Whether you’re coming home for the holidays or just at the end of a long day, there’s nothing like a family pet to greet you. Edmond’s own Free to Live Animal Sanctuary can make the joy of Christmas last all year long by providing a companion for any age.

The non-profit organization works to place cats and dogs that operations manager Ron Wingler describes as “stray, abandoned, or abused.” The facility currently houses over three hundred orphaned animals, ranging from newborn puppies and kittens to aging dogs and cats.

“We try our best to get people a healthy pet,” says Wingler. Some of the services provided to every animal: testing for heartworms, deworming, screenings for feline leukemia and FIV, prevention against fleas and ticks, as well as reproductive care.

Free to Live finds homes for 500 to 600 animals every year and allows waiting pets to live out their natural lifespans at the facility. However some 40,000 to 50,000 cats and dogs are euthanized ever year in the Metro area alone, says Wingler. He stresses the importance of spaying or neutering to ultimately reduce the unwanted pet population, a procedure that each animal undergoes prior to adoption. Younger animals go home with a certificate that entitles them to return for the same free service upon reaching maturity.

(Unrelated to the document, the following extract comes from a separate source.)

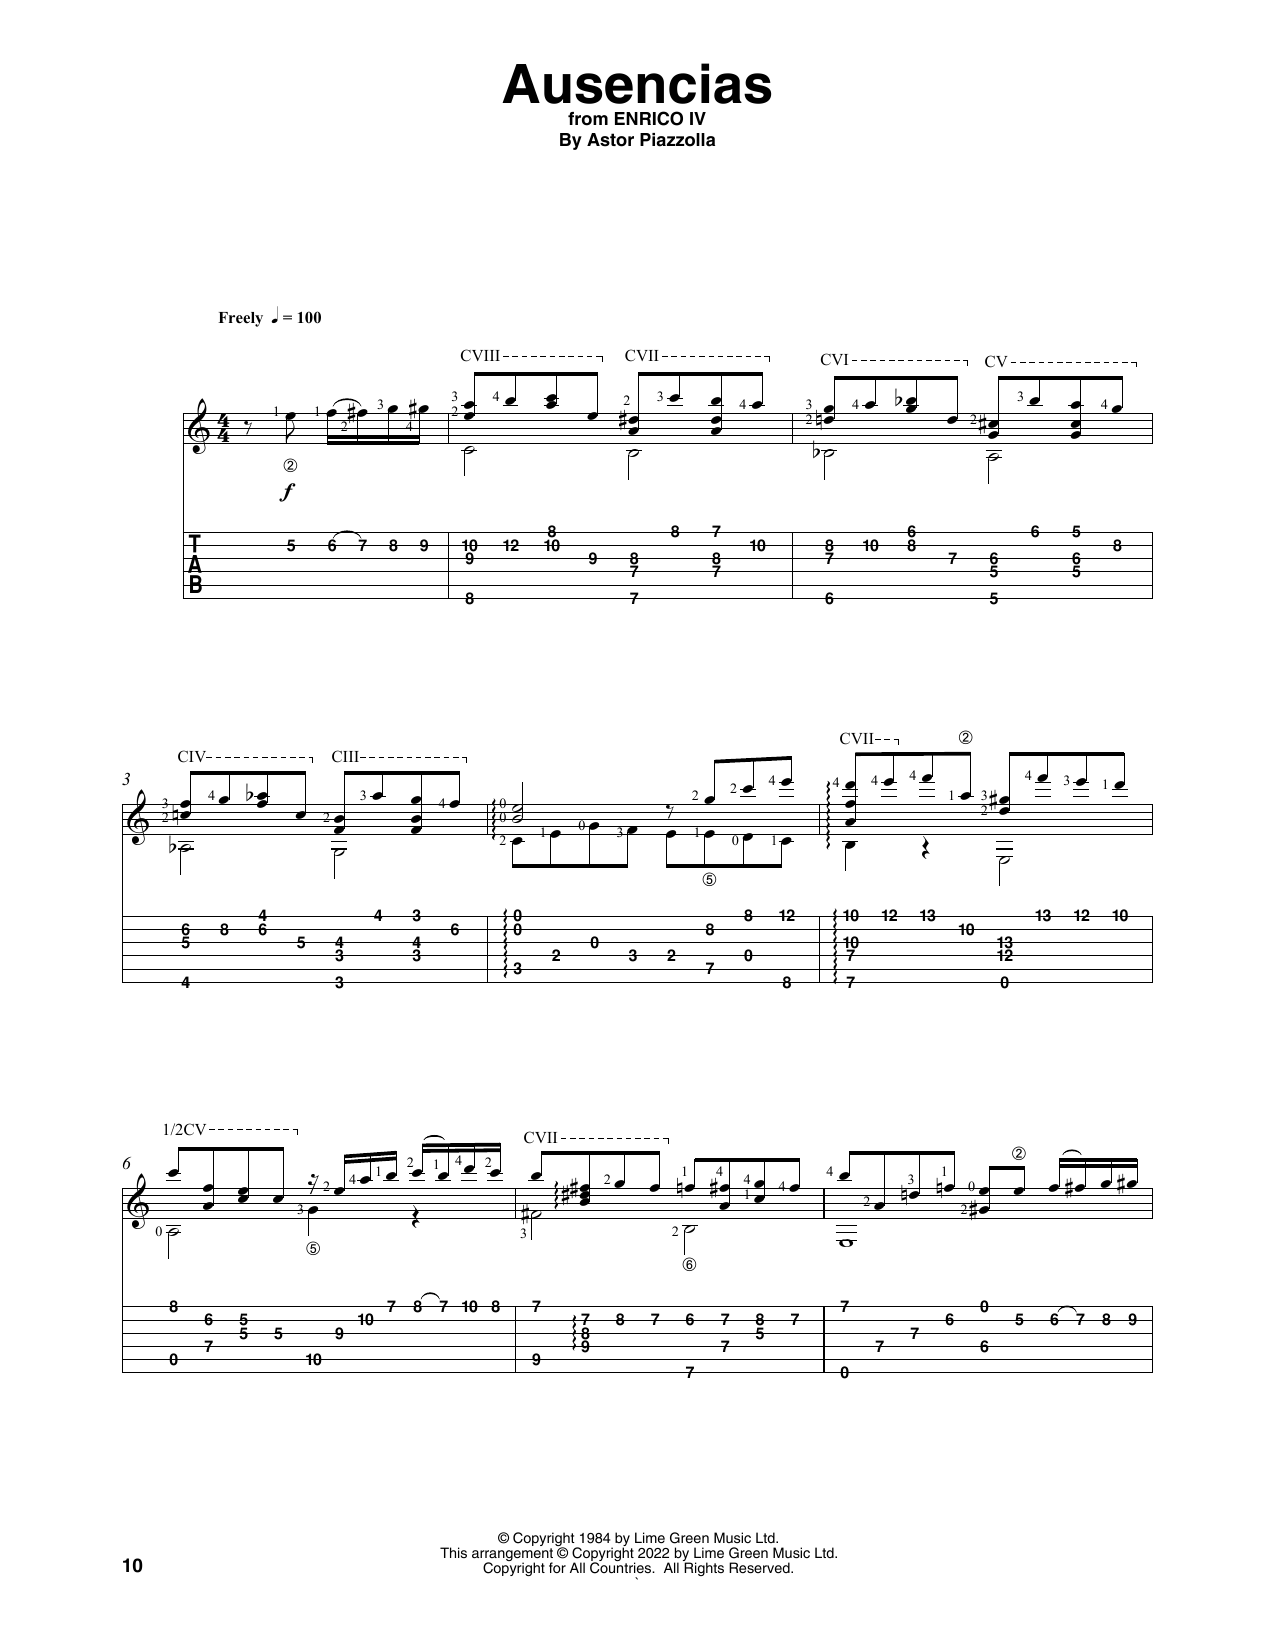 Astor Piazzolla Ausencias (arr. Celil Refik Kaya) Sheet Music Notes & Chords for Solo Guitar - Download or Print PDF

Established by Oklahoma natives Bill and Pat Larson in 1984, donations have deferred all costs including maintenance and veterinary services. The shelter relies on volunteers to supplement the daily efforts of its staff, and their main goal is to simulate a safe home situation before the animal moves on to a more permanent setting. A new on-site kennel for special-needs dog will be opened in early February, although more funds are needed to continue construction.

Specific breeds can be found through the organization’s photo directory, and those interested are notified by email when a pet turns up that matches the desired specifications. Home owners who spot stray animals in their yards can also contact Free to Live to have the animal’s profile listed for help in placement.

A few Free to Live residents are showcased at the Edmond location of PetSmart on the first and third Saturdays of every month with the hope of sparking public interest in their care and adoption.

Christmas Eve visions of a delighted child receiving a furry friend may be interrupted by the raised eyebrows of concerned adults who would have preferred a less demanding gift.

“We love to have people come out and adopt at Christmastime. We do suggest, though, that they bring the person with them that the pet is intended for, or at least the parents of the child. Make sure the family really does want one,” says Wingler.

Even if you’re not ready for a pet, you can help "socialize" by walking and playing with available dogs or petting and brushing the cats during scheduled weekend visits.

Free to Live’s own Christmas list includes cat and dog food, litter boxes, rakes, shovels, office supplies, and an electronic scale for weighing animals. They accept donations year-around.